And so you are not going to see a significant change in pill count and unlikely to see a significant impact related to those of kinds of companies..
And then one quick follow-up. Was there any significant bulk purchases during the quarter? I know you've got some stuff with the UK's Phenome Centre. I know there were some potential grants that are pending for that.
Was there any unusual volume purchases in the quarter in mass spec or LC?.
No..
Our next question comes from Mr. Paul Knight of Janney Capital Markets. Sir your line is open..
Doug you seem very excited about GlycoWorks.
Could you talk a little more about it? Is there anybody you see on the horizon that could offer anything comparable? I guess quantifying it, was it a lot of your growth, or is it just rolling out now?.
Paul, it's really just rolling out now. I have Art sitting next to me who, if I let him speak, he'd have you convinced it's going to change the nature of the western world, so he might break in here any minute any way, but we are extraordinarily excited about it.
I think I said it's certainly unusual that we have seen the amount of customer reaction to the introduction of this product. The reaction of our field force who -- it's a premium price product and they might even be telling us we're under pricing it, it is so strong and so good in the customers eyes.
However it was just introduced at Pittcon, so we didn't see any real economic impact of it in the first quarter. But I will unleash Art in here and let him chime in on how he feels about this..
And I'll try not to be too extravagant for Doug here. But I think the reason for our optimism for this particular chemistry and keep in mind that most of our innovations and impact in the market place originated chemistry. UPLC originated as a chemistry advance.
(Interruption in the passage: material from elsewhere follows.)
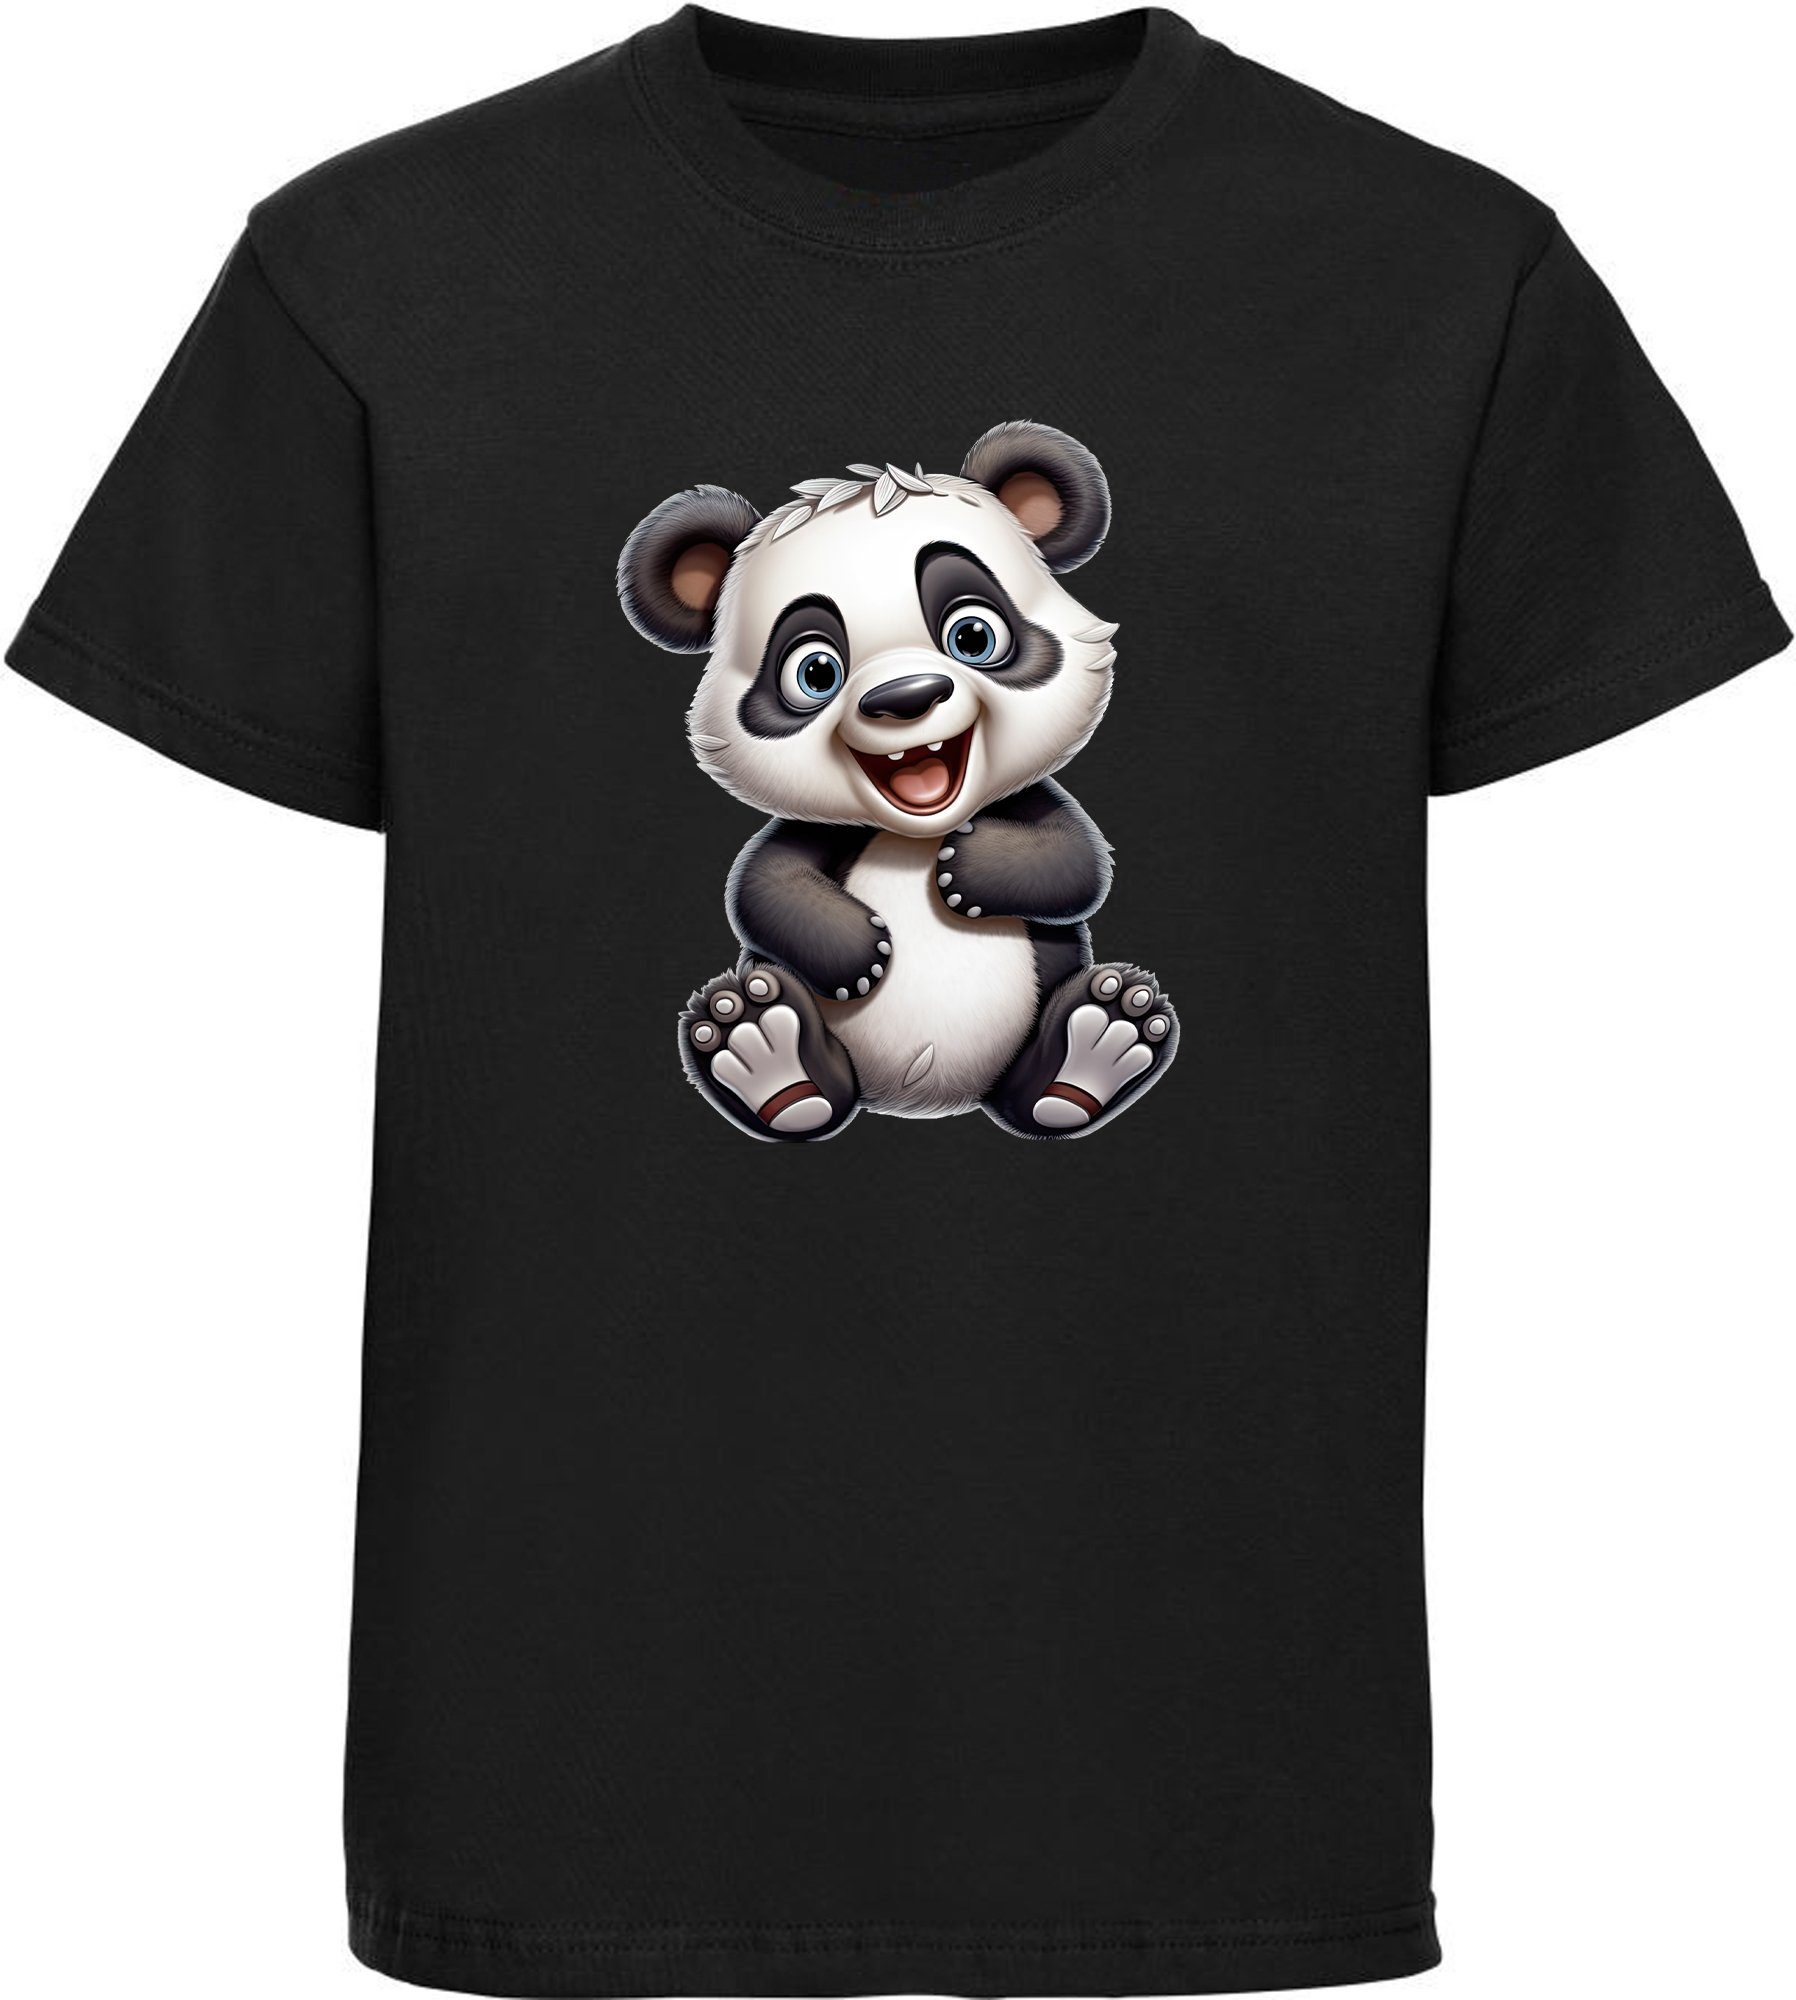 MyDesign24 T-Shirt Kinder Wildtier Print Shirt bedruckt - Baby Panda Bär Baumwollshirt mit Aufdruck, i277 schwarz | T-Shirts
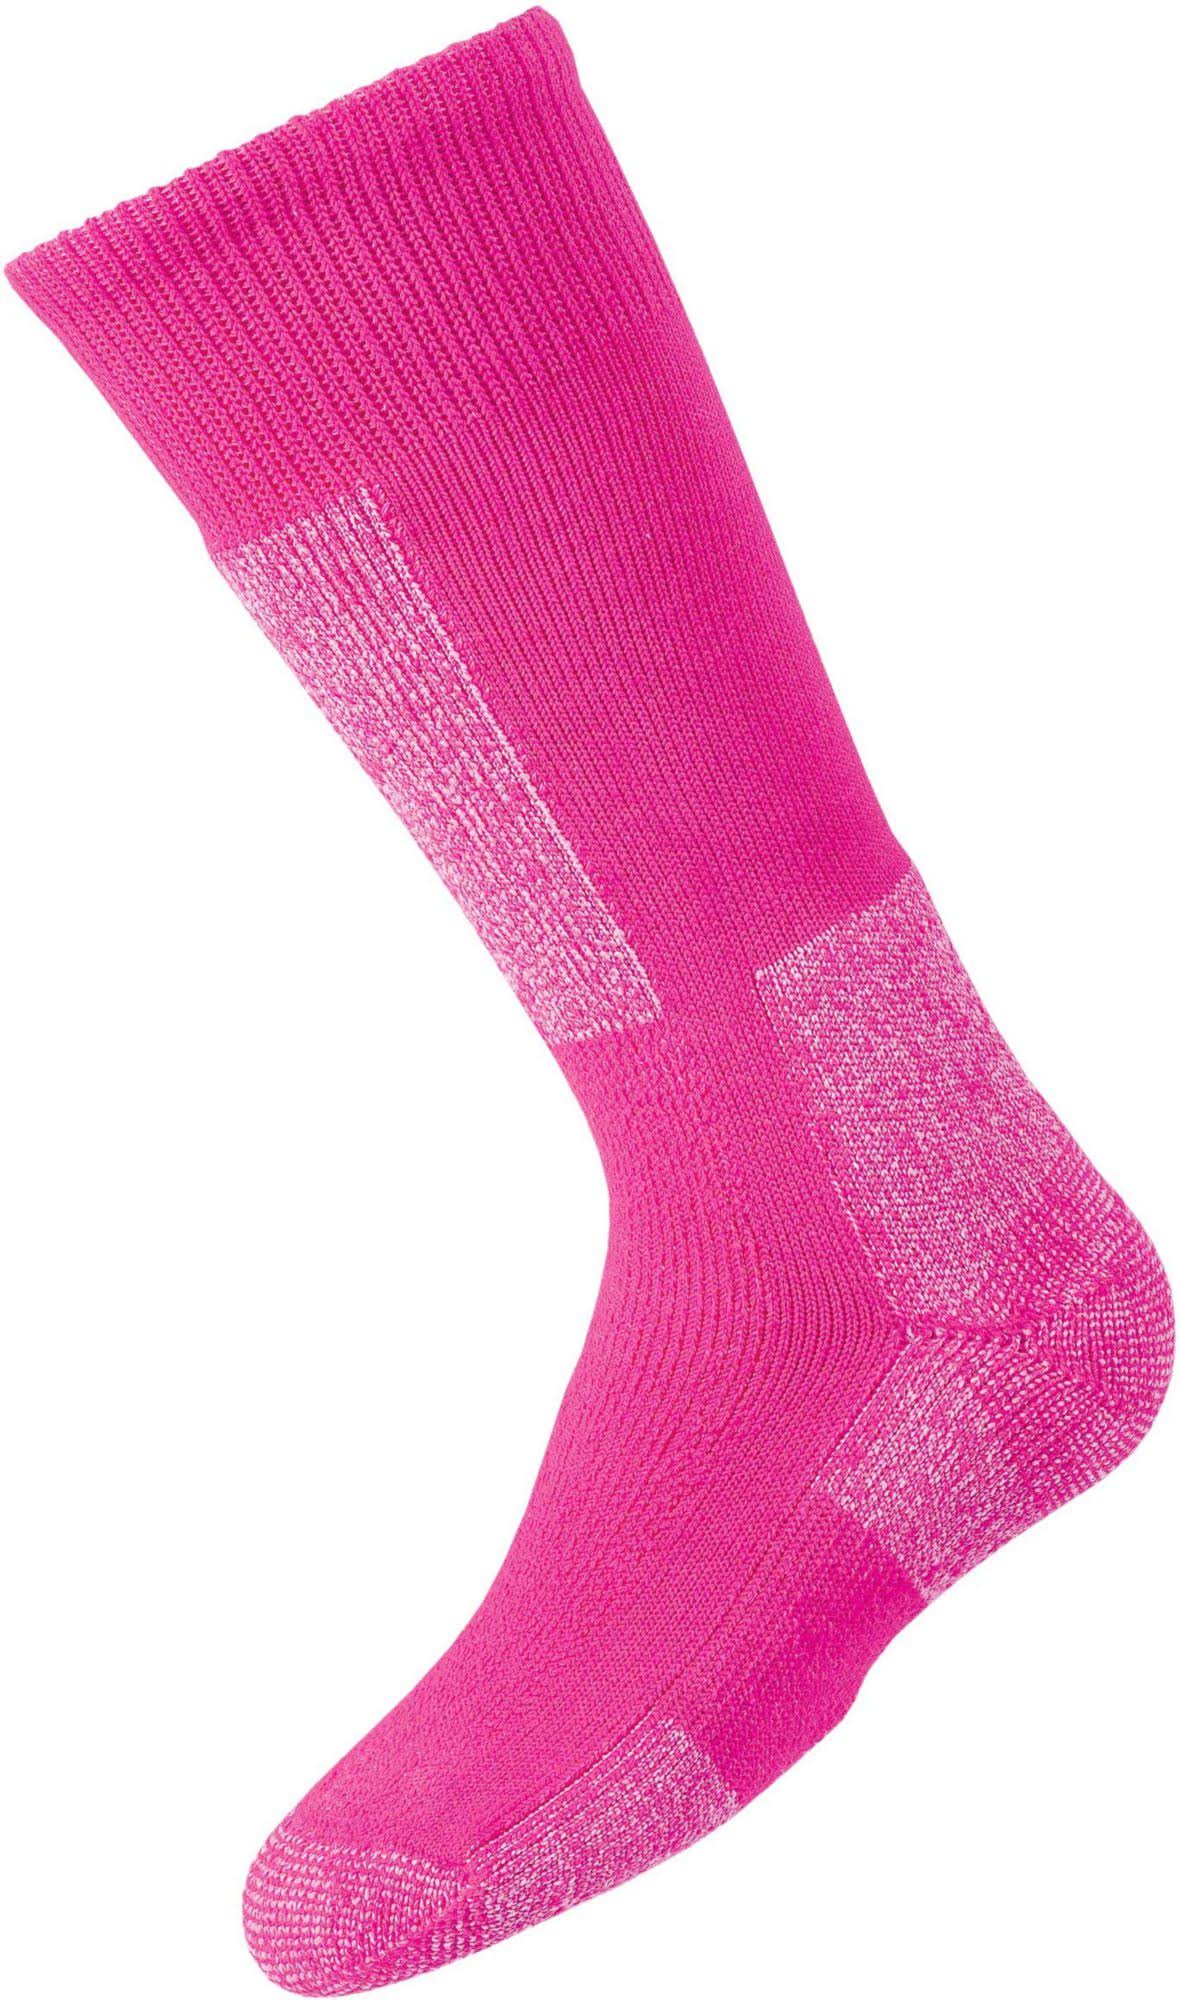 Thorlo Kids Snow Over Calf Socks Schuss Pink/WhiteYouth Size 13.5-4.0

This particular application predominantly in the biopharmaceutical life science arena, where our customers are producing biologically based drugs, glycan testing is pervasive requirement. It's done from research, through development and through the production process and it's an FDA requirement.
And so understanding the glycan profile of a biological is of extreme importance. The existing technology that laboratory's conduct today takes more than a day to prepare samples, its costly, keep in mind there are millions of samples run per year.
The technology that we have is exclusive proprietary and it reduces the analysis time down to roughly hours, hour compared to whole day. It enables you to detect by both fluorescence and mass spectrometry so it provides a lot more information keeping in mind it's a critical assay to characterize the glycan content.
It affects the quality of these drugs, so there are two attributes to these. One is, it greatly improves the productivity of the assay, number one and number two it improves the quality and the content of the information you get.
So considering that we just launched this, there is standing room only and we've actually had to rebook seminars, the early responses from the primary users of this technology is been outstanding.
So we're more excited about it, what's even more exciting besides it being a renewable, repeatable chemistry business is that we're seeing that a lot of analytical products are particular QDa which is our benchtop mass spectrometer when combined with this chemistry is a very attractive analytical tool for those in the research and development side of the equation.
So for us, it's in early stages, we're in a development phase, but the early acceptance of this is quite exciting and I don't see think we've seen a chemistry product since the introduction of UPLC that it has raised such an excitement level in what is a fairly attractive segment in the market place right now, where this type of requirement is necessary.
So that's the essence of the opportunity and the additional response is outstanding.
Does that cover it Paul?.
Yes..
Our next question comes from Mr. Doug Schenkel of Cowen and Company. Sir your line is open..
My first question has two parts, and is specific to China. I think you indicated China revenue grew 16% year-over-year in the quarter in the Waters' division. Commentary has clearly been really encouraging.
The first part of the question is when you say growth is improving, are you just pointing at growth relative to a favorable comp or do you believe that China is actually improving, as measured relative by demand over the last couple of quarters.
And the second part is does your full-year guidance still embed the assumption that China revenue grows at mid-single-digit levels, or is there some change to that, given strong Q1 performance?.
Doug this is Gene. We're impressed with having mid-teens growth rate in China now for two quarters in a row.
And if I take a look at the drivers of growth in that country, it's a little bit more weighted towards the for profit customer and we're still seeing a little bit slower than historical demand from governmentally funded laboratories but we are somewhat encouraged by what we're hearing about governmental spending plans during this next fiscal year.
I would say that as we begin to look at the combination of India and China and make assumptions about how those businesses will impact, our full year 2015 outlook, we're at least set a high single-digit level given strong start we have this year, so far early indications for demand in the second quarter looked like a continuation of the trends that we saw in the first quarter.
So I would say that in looking at the geographical components that make up our full year guidance we're probably a little bit more bullish on Asia in general and India and China in particular..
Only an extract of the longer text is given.